WHAT IS EXPECTED>
Set down all of the data exactly. Pictures stay out of the copy.

··· THE DATA ···

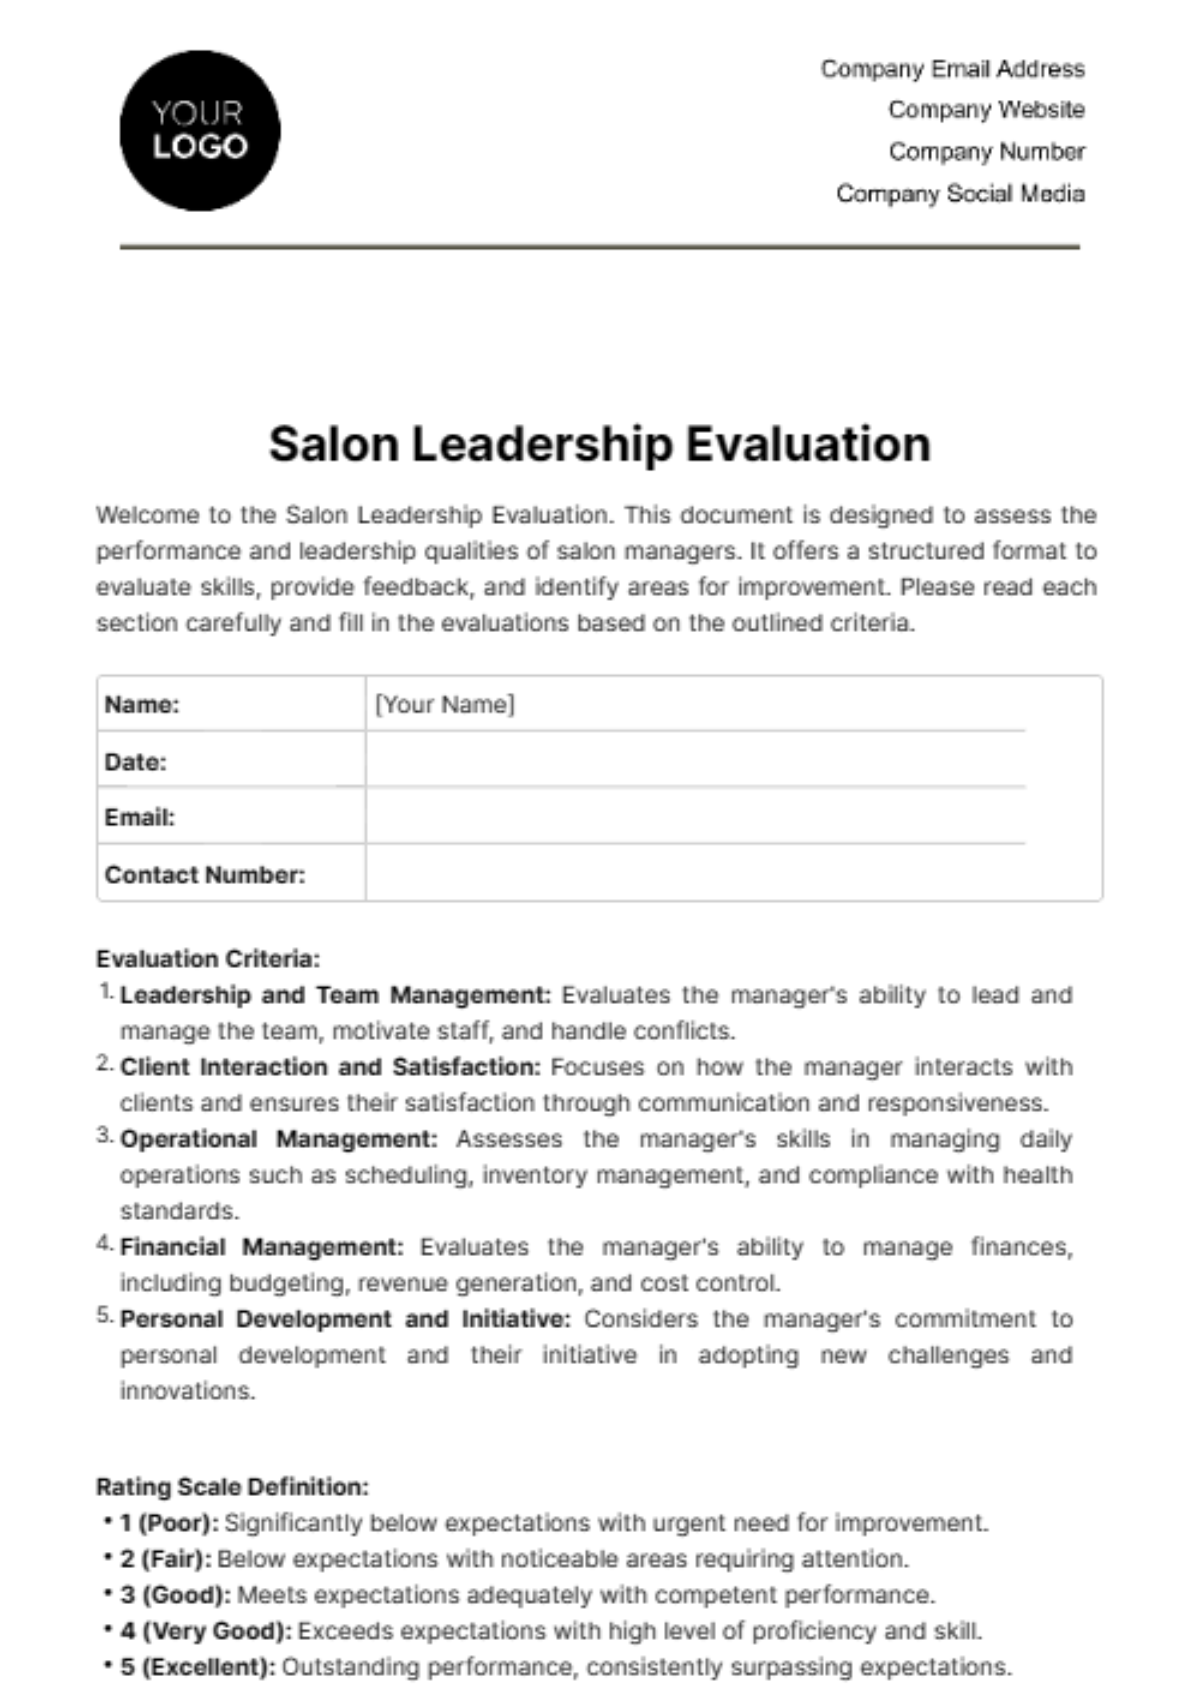 Free Salon Leadership Evaluation Template
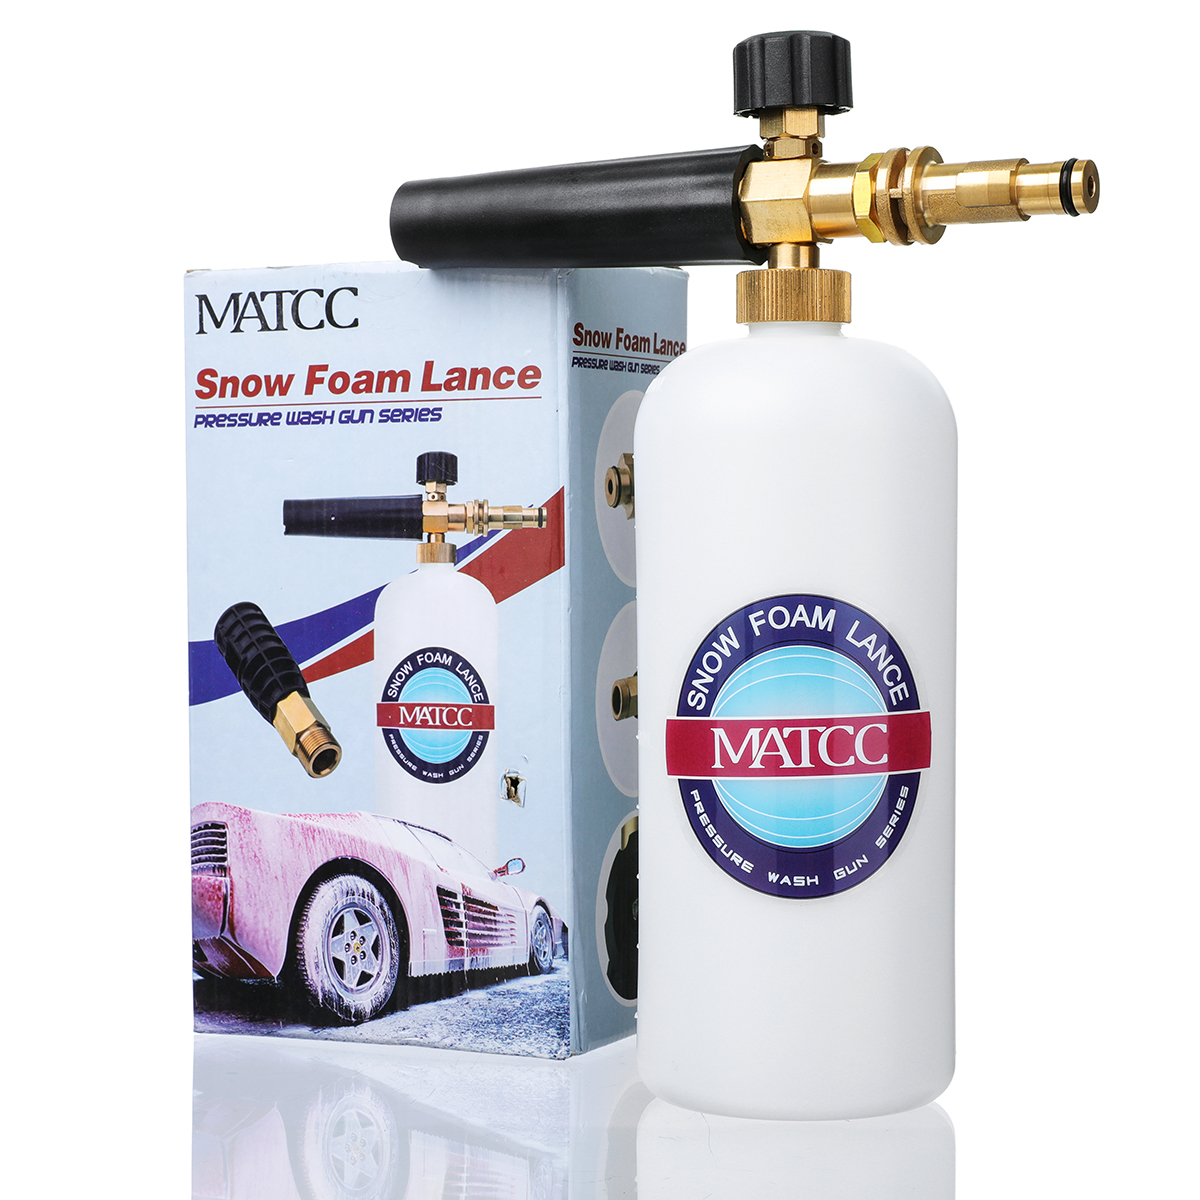 MATCC-Adjustable-Foam-Cannon-1-Liter-Bottle-Snow-Foam-Lance-for-SPX-Series-Electric-Pressure-Washers-1368306-9
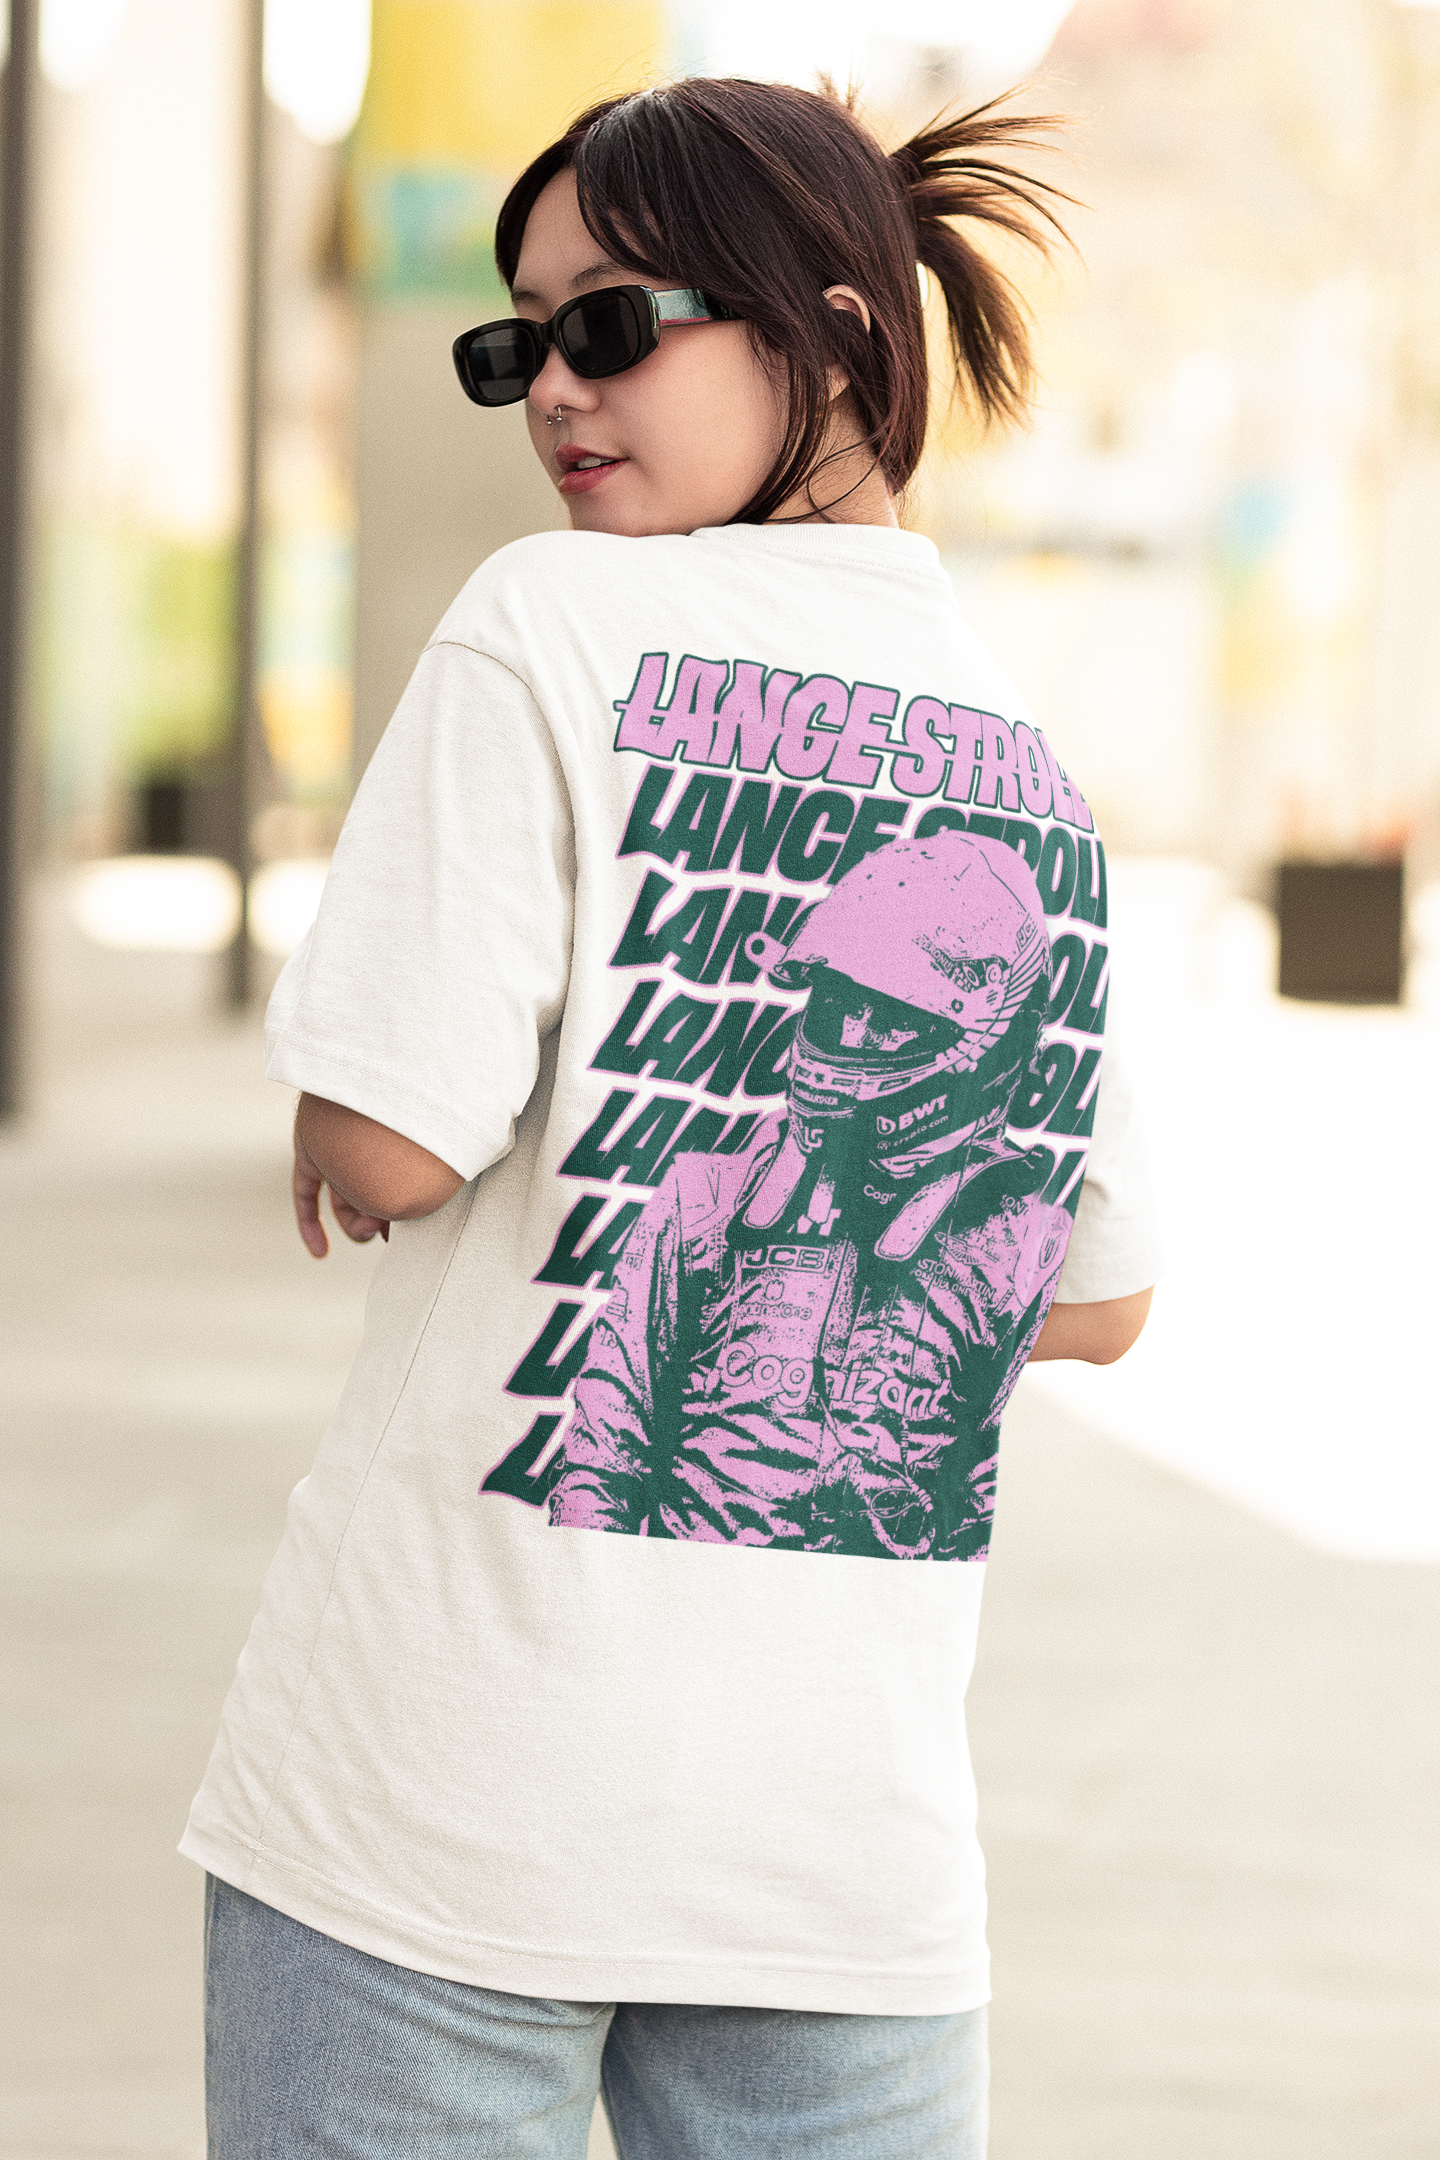 Lance Stroll Premium oversized T-Shirt WOMEN

···

RESULT>
 Free Salon Leadership Evaluation Template
 MATCC-Adjustable-Foam-Cannon-1-Liter-Bottle-Snow-Foam-Lance-for-SPX-Series-Electric-Pressure-Washers-1368306-9
 Lance Stroll Premium oversized T-Shirt WOMEN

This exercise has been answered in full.